Related topics

    LONDON (AP) _ The Sunday Times reported aides of Queen Elizabeth II have said the monarch is dismayed by many policies of Prime Minister Margaret Thatcher. Buckingham Palace disputed the report, saying it was without foundation.

    The newspaper said the political views of the 60-year-old queen were made known in several briefings by the queen’s advisers, who were aware the information would be published.

    Under Britain’s constitution, the monarch must be non-political and such a revelation of the queen’s feelings would break with the confidentiality she has maintained throughout a 34-year-old reign and the governments of eight prime ministers.

    The Sunday Times indicated the reason for such unprecedented information from the palace was Elizabeth’s deep concern for the surivival of the Commonwealth, which is in conflict over the refusal by Mrs. Thatcher’s Conservative Party government to impose severe sanctions on South Africa’s white-led government.

    Britain’s monarch is titular head of the Commonwealth, the 49-nation association of Britain and its former colonies, and the queen has devoted much time and energy to the organization.

    ″It was made clear that the queen is not campaigning for economic sanctions″ against South Africa, the independent Sunday Times said. ″But she ... believes that a compromise must be reached between Thatcher and the other Commonwealth leaders.″

    The newspaper also said the queen considers the prime minister’s approach to domestic policy often uncaring, confrontational and divisive. It did not identify the advisers it attributed the reports to, but said they specifically mentioned the queen’s misgivings about allowing U.S. bombers to use British air bases for their raid on Libya in April.

    According to the newspaper, the aides also said the queen feared long-term damage was done to Britain’s social fabric during the year-long miner’s strike in 1983 and 1984, and the monarch felt the government lacked compassion toward the less-privileged.

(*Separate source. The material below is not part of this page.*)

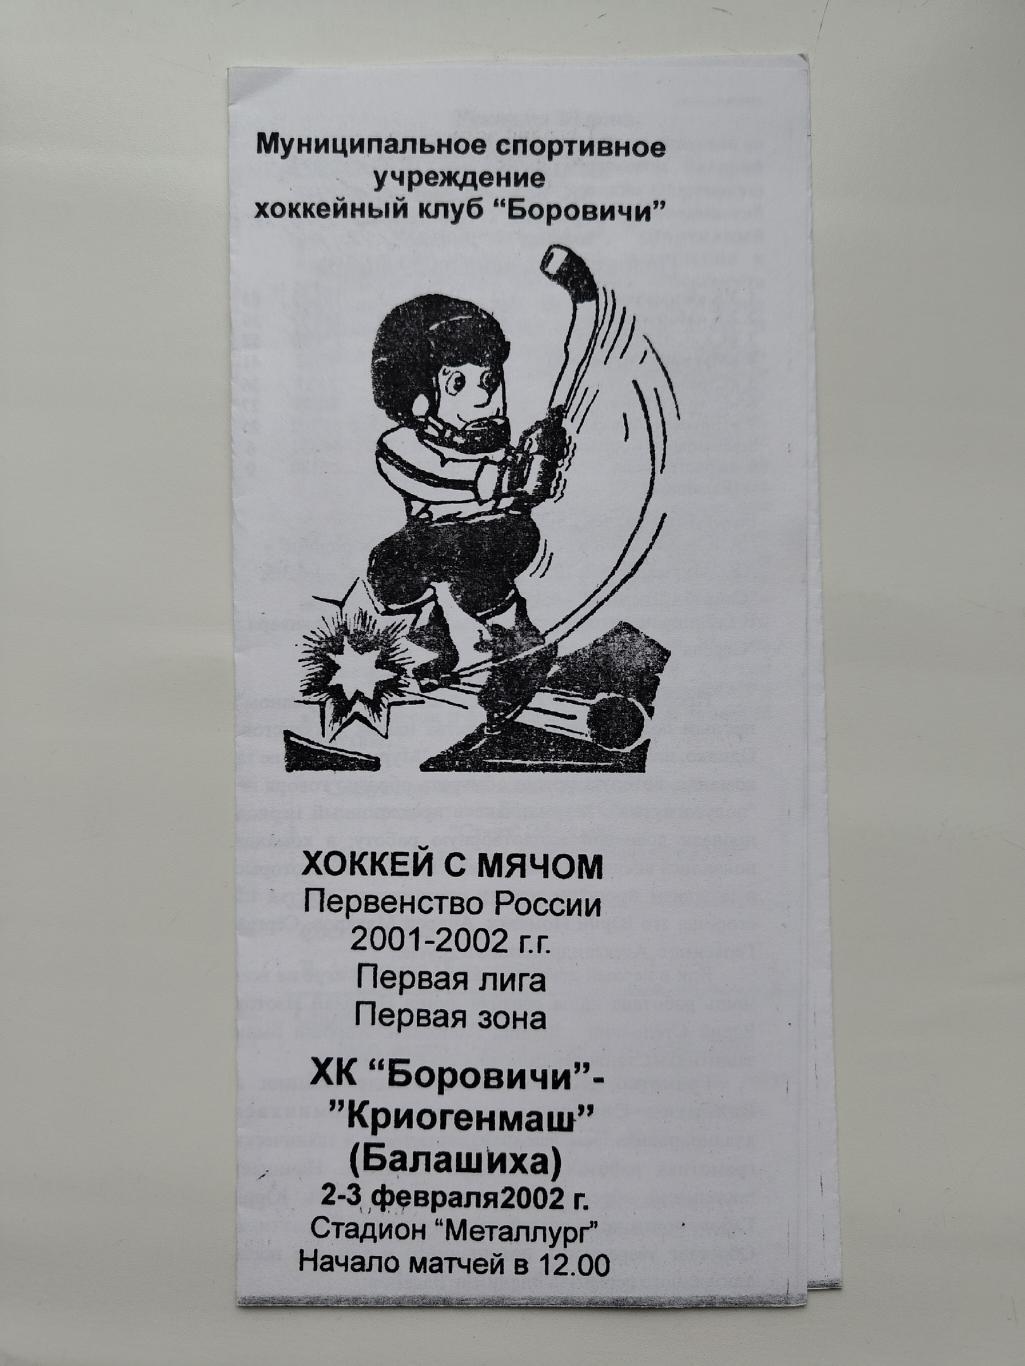 Хоккей с мячом. ХК Боровичи - Криогенмаш Балашиха 2/3 февраля 2002
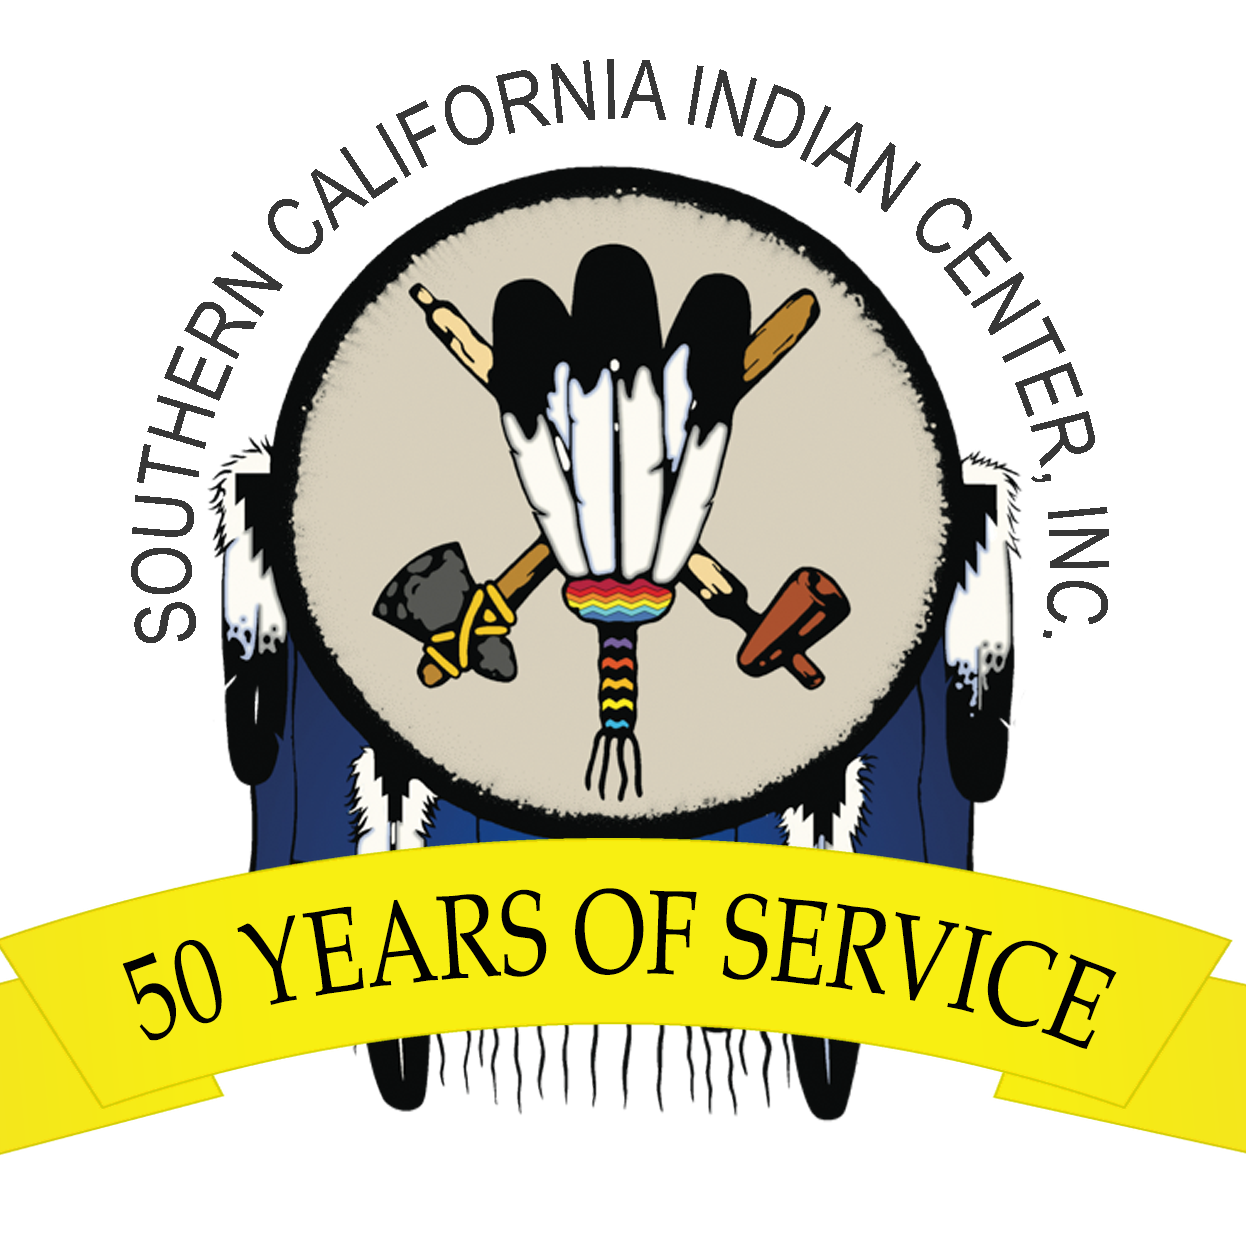 Native American Organization in San Diego California - Southern California Indian Center, Inc.

    After the first edition of The Sunday Times was published Saturday night, Buckingham Palace spokesman Michael Shea said: ″As with all previous prime ministers, the queen enjoys a relationship of the closest confidentiality with Mrs. Thatcher and reports purporting to be the queen’s opinions of government policies are entirely without foundation.″

    Mrs. Thatcher’s 10 Downing St. office did not comment, abiding by the established position that relations between the sovereign and the prime minister are confidential.

    Sunday Times editor Andrew Neil said he wasn’t surprised by the palace denial. ″I think what is said in public and what is said in private are two different things and the palace have to maintain their position,″ he said.

    The conservative Sunday Telegraph said the queen ″will do nothing to embarrass Mrs. Thatcher over sanctions″ against South Africa.

    It quoted unidentified government sources and others close to the royal family as saying reports about the alleged friction between the queen and Mrs. Thatcher on a personal and political level are exaggerated.

    The two leaders get on well and the queen is generally supportive of the government’s domestic policy, the Sunday Telegraph said.